El fútbol mercantilizado como explotación de una masa pobre para generar sujetos que fomentan el consumo e impulsan industrias multimillonarias. Hay muchísimas aristas sobre estos temas y, claramente, muchos libros que cuentan historias directa o tangencialmente relacionadas. Uno de los carros de arrastre de este sistema es la figura del futbolista famoso y multimillonario, acaparador de portadas, embajador de marcas, autos, mujeres, dinero. Fama. En un mundo donde la movilidad social es muy baja, una de las pocas alternativas legales para que un muchacho nacido en la miseria pueda llegar a una vida de lujos es siendo un astro del fútbol.
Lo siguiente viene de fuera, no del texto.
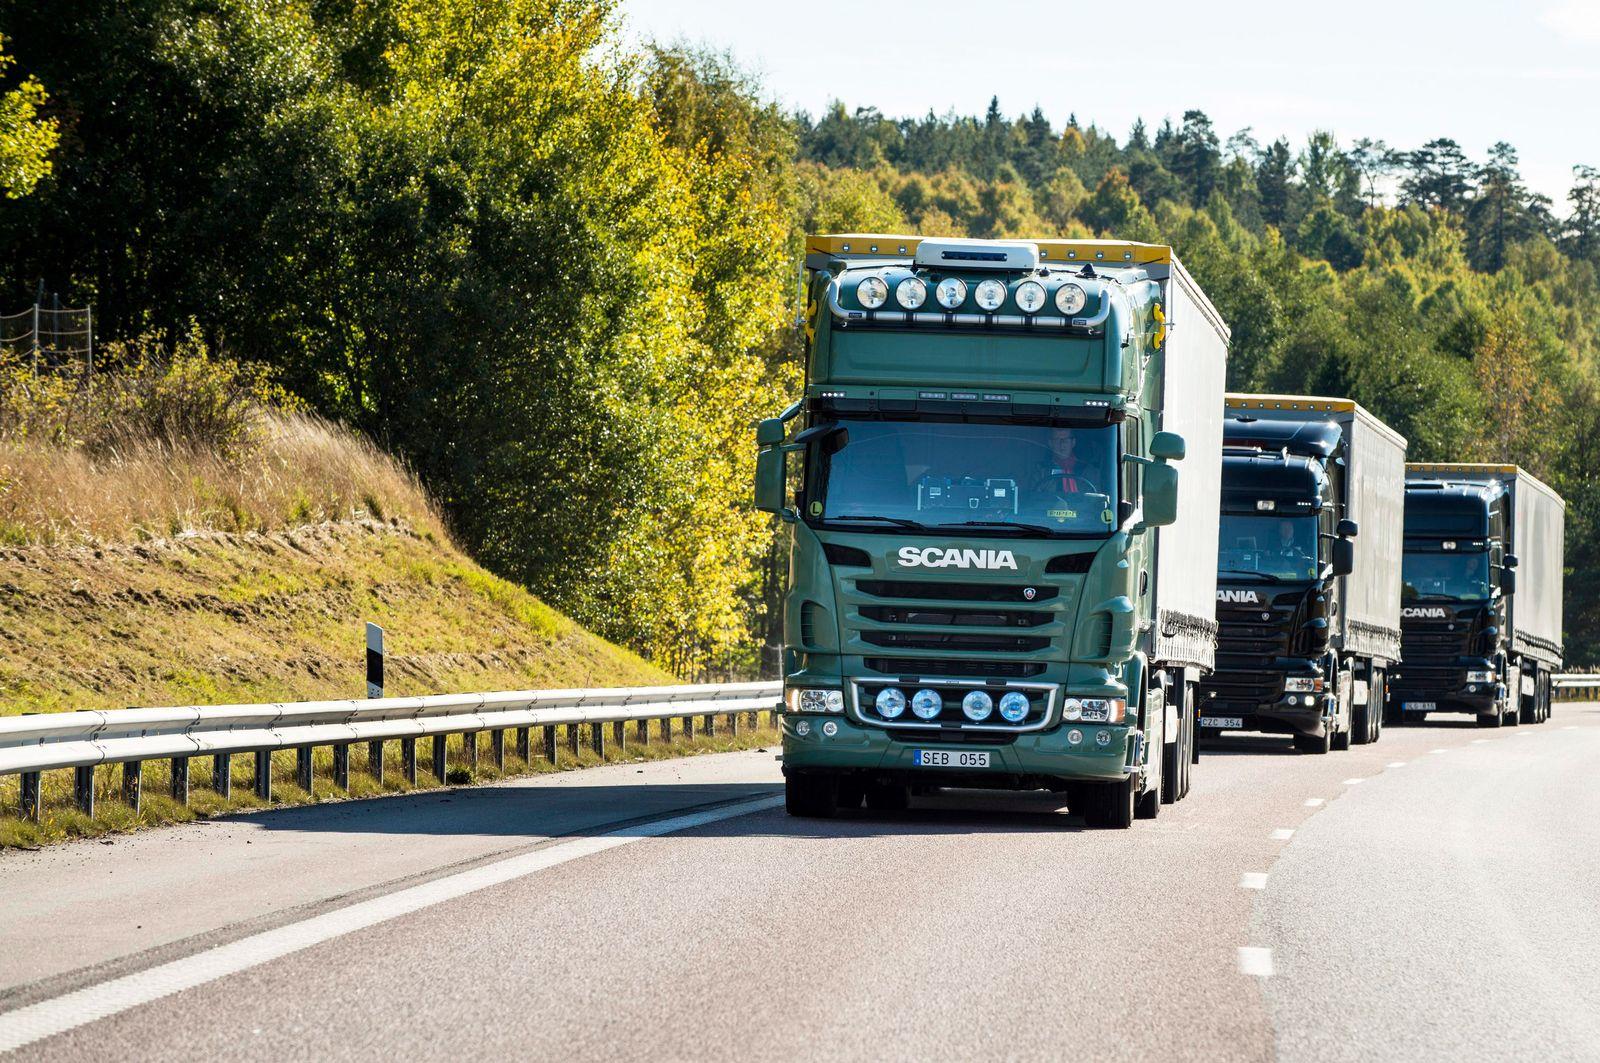 VW LKW / Scania

Los niños y sus familias ven a este deporte como un pasaje de salida de la pobreza, pero no todos pueden ser Cristiano Ronaldo -o Vidal, para el caso-. ¿Qué pasa con los que quedan en el camino, entonces? Si no se retiran jóvenes, sostienen la pirámide del negocio del fútbol, poblando ligas en todas partes del mundo para darle tiraje y posibilidades de surgir a esa nueva estrella, nazca en el país que nazca, pero, en general, todos ellos comparten el origen precario y sus dificultades intrínsecas. Así es como llegamos a casos emblemáticos como el que origina esta columna: Roberto Ávalos y su historia contada en el libro “Luchando por un sueño”, de la editorial Ceibo.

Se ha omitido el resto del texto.